左の正拳で水月みぞおち狙いからスライドさせるかの様なカチ上げ気味での下顎あご狙い、その後右正拳で勝掛に襲い掛かり、最後にもう一度左の下段突きで明星下腹部を狙う。正確無比で無防備に決まればまず動けなくなる連撃。

だが、ラークの防御も負けてはいない。

初撃の水月狙いこそ右腕で受け止めたが、その後の下顎狙いは、水月狙いを受け止めた右腕の肘を軸とし手刀を体の外側に回転させる外受けの要領で捌く。

喉狙いの一撃は右腕と交差させた左腕の外受けで払い退ける。

最期の明星狙いは左の外受けを下段払いへと変化させ、鋭い連撃を躱し切った。


ウォーロックは攻撃を捌き切られ、最後の明星下腹部狙いを払われた際に一瞬体制を崩した。そこにラークの容赦ない膝蹴りが襲い掛かったが、蹴りが直撃する寸前でウォーロックも前に出ている脚を一瞬で蹴り込み後ろに飛び下がった。

そこにラークの追撃が入る。左順突きの上段正拳突きが真正面から受け止められ不発に終わると、追撃の勢いを利用して踏み込んだ左足を軸にし一瞬で時計回りに回転、ウォーロックの顔面に正確無比な右の裏拳を打ち込む。

ウォーロックもこれを右の外受けでガードして受け止めるが、勢いに一瞬ぐらついた。

そこを裏拳をスッと脇腹迄引くと同時に、右足を軸とした強烈無比な左の回し蹴りがウォーロックに襲い掛かる。

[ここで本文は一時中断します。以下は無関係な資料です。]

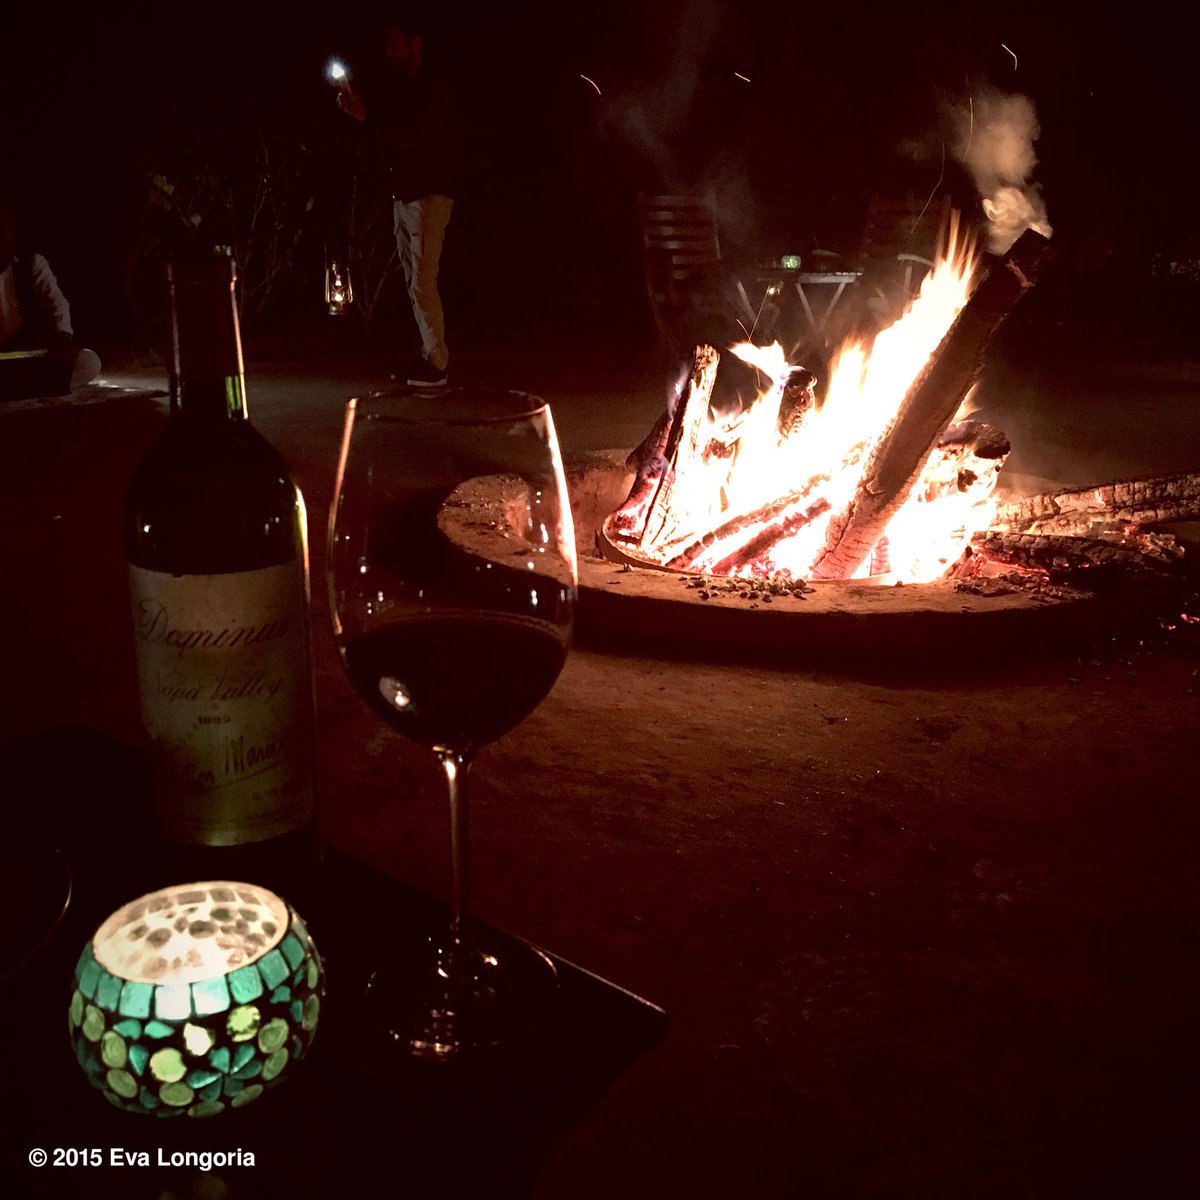 Bonfire in India with my California Cabernet! I'm in heaven! #India #WineOClock https://t.co/IIsxKQJVna

これをウォーロックは左の手刀受けでラークの脛を強烈に叩きつけ、次の瞬間二人とも後ろに飛び退り、一瞬の攻防が終わり静寂を迎えた。時間にしてほんの数十秒であった。


「おぉう・・・これは。」

キャメルが驚きの呻きを発した。

「あの人、准将なのにやるじゃん。普通どこの国でも将官クラスになると武術はそこまで鍛錬しないもんなんだけどね・・・ガシー。准将って相当強いね?」

「准将は私たちの武術の師匠でもありますし、我が国では皇族護衛の将官は武術の鍛錬継続が義務付けられていますから。」

オーガストがそう答えるとアヤメが納得したように頷いた。

「道理で。現役の動きね、確かに。あれなら今度の大会でも十分通用しそうね。」

「もちろんです。准将は指揮官としてもそうですが、個人的な戦闘力も高いからこそ私たちの護衛に選ばれていますから。」

「はへ~・・・キャメル、ラークが息を切らしてるわよ・・・珍し。」

「そりゃ仕方ないよ。あれだけ一瞬での攻防だと相当呼吸が乱れるからね。准将の方もかなり息切れてるよ。互角だね、あれは。」


「は~・・・参った。決着つかないね、これ。」

ラークがやれやれと言う感じで構えを解いて両手を挙げた。ウォーロックも大きく息をつき、構えを解いて首をコキッと鳴らした。

「もう少しやれるかと思いましたが、流石ですな。中佐。」

「いや、准将の動きは20代クラスですよ。参った参った。」

「お会いしたのがここでよかったです。スピークス中佐。」

「確かに、戦場ではお目にかかりたくないですよ。閣下とは。」


軽く握手を交わして両名が五人の元へ戻ってきた。戻りながらラークが皇子達に告げた。